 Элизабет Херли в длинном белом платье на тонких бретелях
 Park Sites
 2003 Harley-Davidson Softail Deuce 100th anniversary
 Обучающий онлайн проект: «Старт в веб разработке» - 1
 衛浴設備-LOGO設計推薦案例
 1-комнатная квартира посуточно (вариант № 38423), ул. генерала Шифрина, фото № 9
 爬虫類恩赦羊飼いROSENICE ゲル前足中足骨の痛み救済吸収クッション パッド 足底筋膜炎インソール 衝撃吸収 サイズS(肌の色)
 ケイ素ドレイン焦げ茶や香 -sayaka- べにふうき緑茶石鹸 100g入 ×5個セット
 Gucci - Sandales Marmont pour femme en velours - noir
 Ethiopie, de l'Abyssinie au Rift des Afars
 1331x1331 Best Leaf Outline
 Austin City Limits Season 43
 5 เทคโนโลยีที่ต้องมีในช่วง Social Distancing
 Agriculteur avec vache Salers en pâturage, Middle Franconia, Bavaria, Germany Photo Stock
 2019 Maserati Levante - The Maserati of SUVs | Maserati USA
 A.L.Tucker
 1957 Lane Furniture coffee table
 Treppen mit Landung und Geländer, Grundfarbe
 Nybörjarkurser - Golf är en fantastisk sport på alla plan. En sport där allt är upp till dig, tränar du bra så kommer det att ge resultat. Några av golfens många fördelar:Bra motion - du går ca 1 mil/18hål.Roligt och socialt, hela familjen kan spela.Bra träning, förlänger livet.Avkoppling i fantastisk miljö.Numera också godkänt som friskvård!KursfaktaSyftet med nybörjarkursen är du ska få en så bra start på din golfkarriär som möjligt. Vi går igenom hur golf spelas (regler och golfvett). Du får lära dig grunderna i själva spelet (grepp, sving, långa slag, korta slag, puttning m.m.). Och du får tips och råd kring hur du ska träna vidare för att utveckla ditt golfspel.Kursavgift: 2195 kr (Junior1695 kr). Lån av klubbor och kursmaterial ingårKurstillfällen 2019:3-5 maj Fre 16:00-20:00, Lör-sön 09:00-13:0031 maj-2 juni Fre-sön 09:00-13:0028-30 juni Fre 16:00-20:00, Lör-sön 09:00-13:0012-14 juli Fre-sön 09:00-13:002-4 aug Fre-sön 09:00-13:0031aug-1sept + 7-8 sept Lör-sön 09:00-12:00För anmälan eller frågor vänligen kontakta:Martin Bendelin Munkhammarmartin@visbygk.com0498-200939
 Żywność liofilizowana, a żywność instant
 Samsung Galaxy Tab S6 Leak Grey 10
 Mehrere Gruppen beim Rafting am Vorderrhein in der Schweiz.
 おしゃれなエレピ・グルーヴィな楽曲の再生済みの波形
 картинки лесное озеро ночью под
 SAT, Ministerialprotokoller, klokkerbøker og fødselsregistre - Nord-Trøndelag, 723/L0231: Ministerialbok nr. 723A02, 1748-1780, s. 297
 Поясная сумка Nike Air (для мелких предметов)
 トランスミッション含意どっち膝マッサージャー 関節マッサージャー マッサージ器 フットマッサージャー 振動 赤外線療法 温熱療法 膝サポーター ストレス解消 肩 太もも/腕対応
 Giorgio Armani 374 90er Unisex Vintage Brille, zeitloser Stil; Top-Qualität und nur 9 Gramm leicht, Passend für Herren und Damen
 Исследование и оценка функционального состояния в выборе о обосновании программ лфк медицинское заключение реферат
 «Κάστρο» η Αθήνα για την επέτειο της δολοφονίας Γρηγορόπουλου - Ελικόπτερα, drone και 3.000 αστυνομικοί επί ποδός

--- What the exercise asks ---
With the first line being the one containing "Treppen mit Landung und Geländer, Grundfarbe" and the last line the one containing "Giorgio Armani 374", transcribe exactly the lines above that fall in that range.

--- Solution for this exercise ---
 Treppen mit Landung und Geländer, Grundfarbe
 Nybörjarkurser - Golf är en fantastisk sport på alla plan. En sport där allt är upp till dig, tränar du bra så kommer det att ge resultat. Några av golfens många fördelar:Bra motion - du går ca 1 mil/18hål.Roligt och socialt, hela familjen kan spela.Bra träning, förlänger livet.Avkoppling i fantastisk miljö.Numera också godkänt som friskvård!KursfaktaSyftet med nybörjarkursen är du ska få en så bra start på din golfkarriär som möjligt. Vi går igenom hur golf spelas (regler och golfvett). Du får lära dig grunderna i själva spelet (grepp, sving, långa slag, korta slag, puttning m.m.). Och du får tips och råd kring hur du ska träna vidare för att utveckla ditt golfspel.Kursavgift: 2195 kr (Junior1695 kr). Lån av klubbor och kursmaterial ingårKurstillfällen 2019:3-5 maj Fre 16:00-20:00, Lör-sön 09:00-13:0031 maj-2 juni Fre-sön 09:00-13:0028-30 juni Fre 16:00-20:00, Lör-sön 09:00-13:0012-14 juli Fre-sön 09:00-13:002-4 aug Fre-sön 09:00-13:0031aug-1sept + 7-8 sept Lör-sön 09:00-12:00För anmälan eller frågor vänligen kontakta:Martin Bendelin Munkhammarmartin@visbygk.com0498-200939
 Żywność liofilizowana, a żywność instant
 Samsung Galaxy Tab S6 Leak Grey 10
 Mehrere Gruppen beim Rafting am Vorderrhein in der Schweiz.
 おしゃれなエレピ・グルーヴィな楽曲の再生済みの波形
 картинки лесное озеро ночью под
 SAT, Ministerialprotokoller, klokkerbøker og fødselsregistre - Nord-Trøndelag, 723/L0231: Ministerialbok nr. 723A02, 1748-1780, s. 297
 Поясная сумка Nike Air (для мелких предметов)
 トランスミッション含意どっち膝マッサージャー 関節マッサージャー マッサージ器 フットマッサージャー 振動 赤外線療法 温熱療法 膝サポーター ストレス解消 肩 太もも/腕対応
 Giorgio Armani 374 90er Unisex Vintage Brille, zeitloser Stil; Top-Qualität und nur 9 Gramm leicht, Passend für Herren und Damen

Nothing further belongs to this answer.